Bir Zaman Yolculuğu… Doğal yoğunluk filtreleri 2013 yılında hayatıma girdi, Fotoğraf serüvenimde kendimi en çok ifade etme isteği duyduğum sıralarda. Duygusal dünyamı minimize etmeyi çok istiyor ama doğru çalışma prensibi konusunda arayışımı hala sürdürüyordum. Kendimi fotografik olarak tam olarak anlatamadığımı biliyor ve bunun eksikliğini yaşıyordum. Her şey bir gün, 10 stopluk bir filtre satın almam ile başladı.

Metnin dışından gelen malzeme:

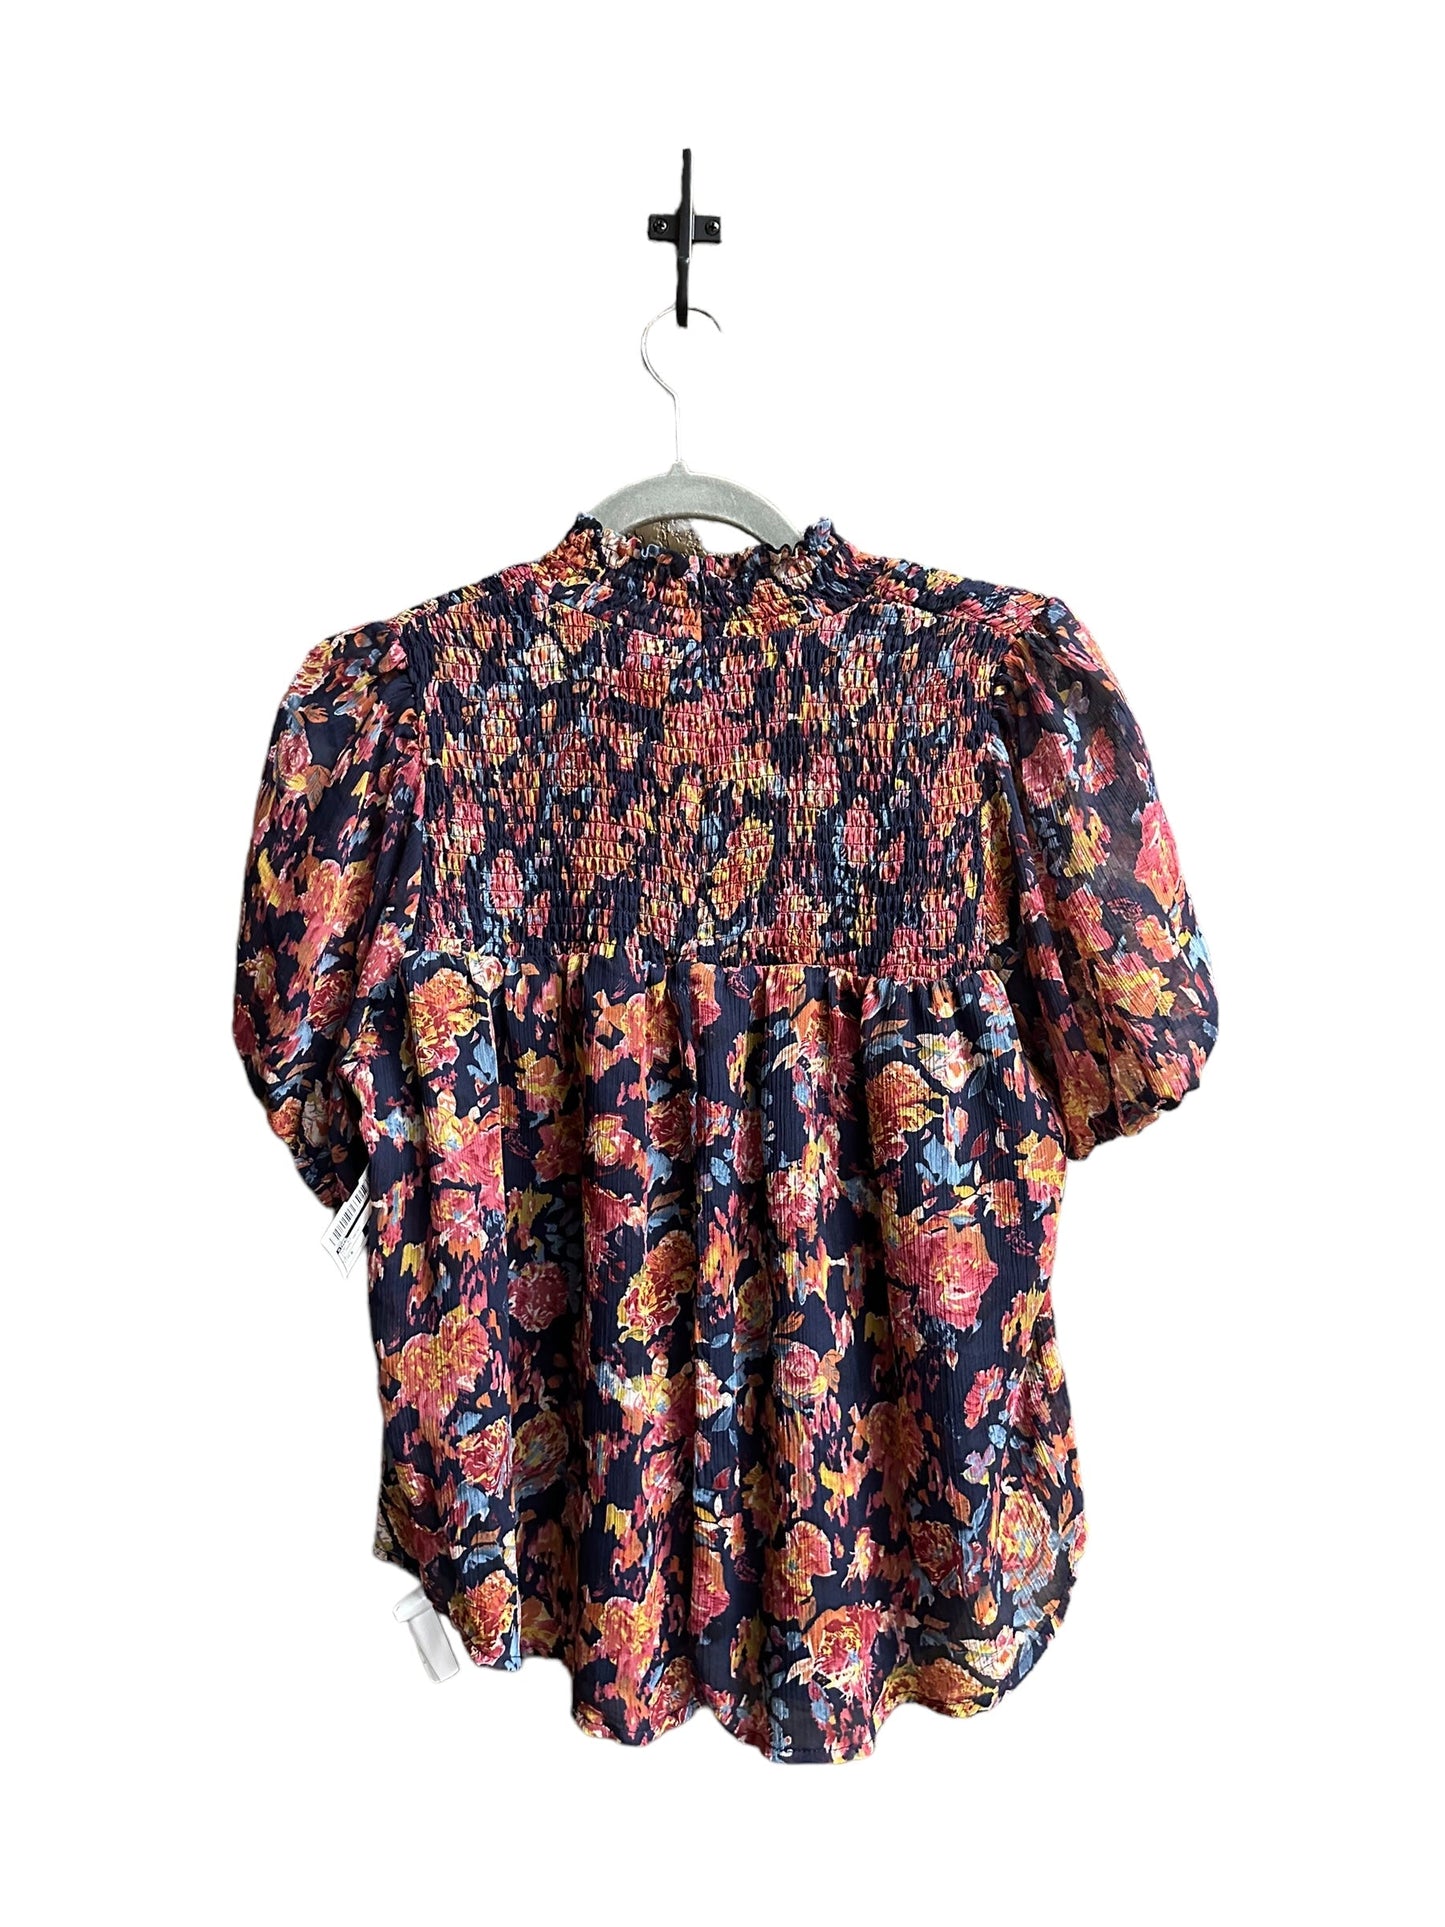 Floral Print Top Short Sleeve Thml, Size S

Çalıştığım ilk karelerden itibaren beni şaşırtan ,zihnimde bambaşka bir dünyanın kapılarını aralayan,bu filtrelerle birlikte ,farklı ve içselleştirebildiğim bir dünya artık beni içine doğru çekiyordu. Fotoğralarım artık gerçekten ben ‘di…Onlar artık gerçekten benim kendimi anlatabildiğim hikayelere dönüşmüşlerdi.Oluşturduğum kompozisyonlar duygusal evrenimi destekliyordu.İçinde kaybolduğum bir evrenin kapıları aralanmıştı.

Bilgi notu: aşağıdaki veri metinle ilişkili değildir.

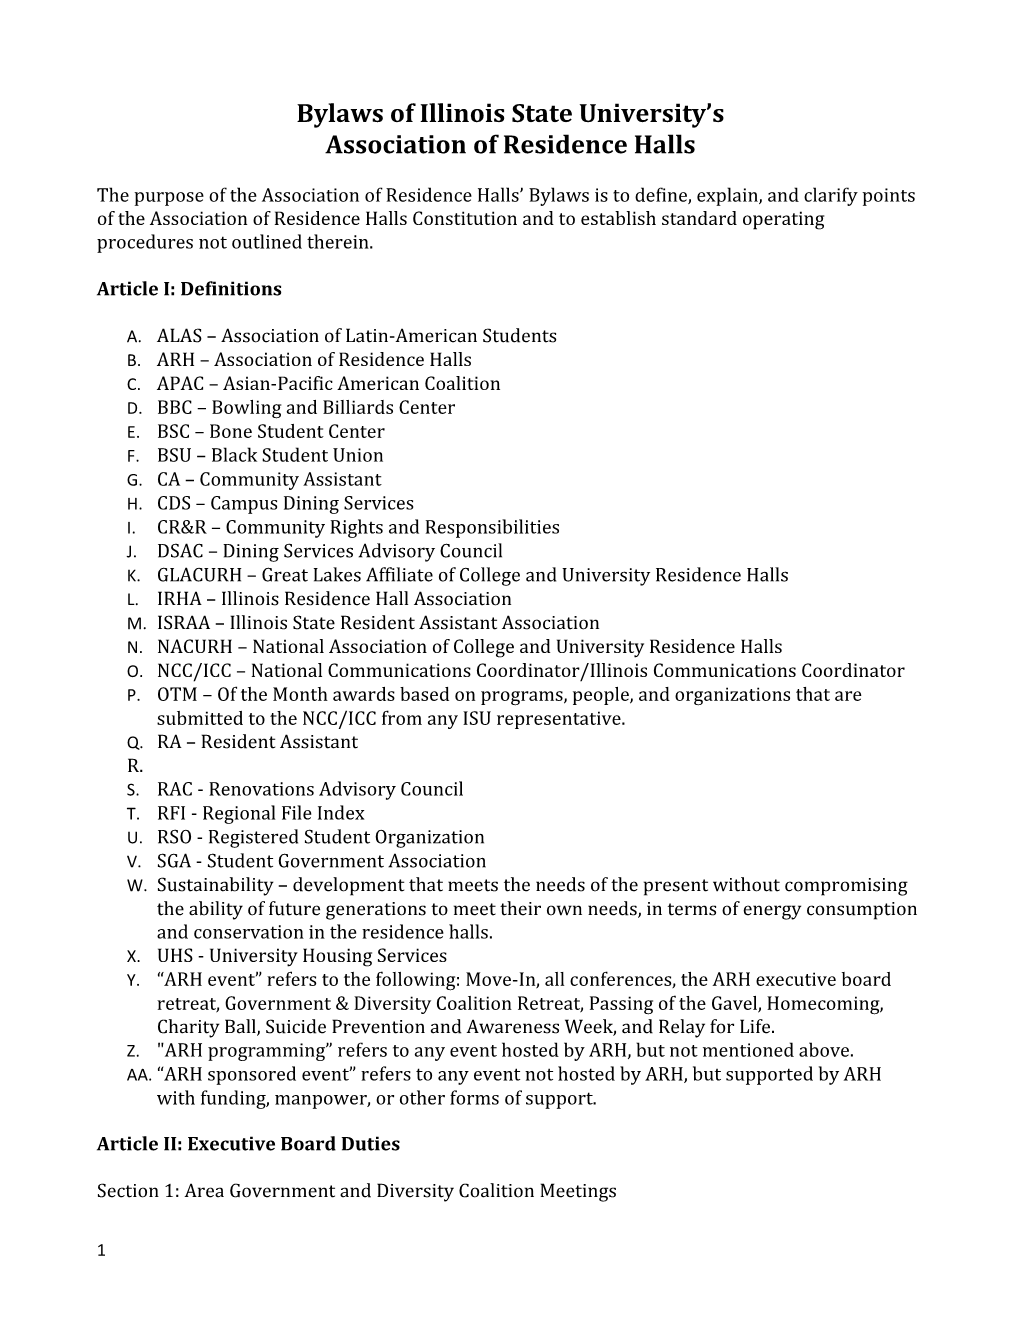 Bylaws of the Association of Residence Halls

Bu çalışma şekli oldukça zahmetli ve yorucuydu. Yaşadığımız dünyada elektronik baskılar insan beynini ele geçirmişken kolay yolu değil de zor olanı seçen ve yaşayan bir fotoğrafçının bu çağ yangını içinde ne önemi vardı? Aslında birçok kişinin yaptığı gibi yüzeysel bir çalışma şeklini benimsemek elbette çok daha basit ve rahat olurdu. Ama bir üretimi özel kılan onun zor elde edilmesi değil miydi? Bu filtreler ,kısa süre içerisinde kendi ideal dünyamı yaratıp ,sadece fotoğraf çekmeye değil fotoğraf hakkında yazmaya, ve düşünmeye de beni teşvik etti.Neredeyse her bir pozlamamın şiiri kendiliğinden yazılıyordu. Doğal yoğunluk filtreleri ile ilk oluşturduğum proje , ‘Bozcaada’da Zaman’ ada hakkında ilk ve tekti,2014 yılında ,21 haziran -4 temmuz tarihleri arasında,Bozcaada Sanat Galerisi’nde sergilendi ilgi gördü ve beğenildi.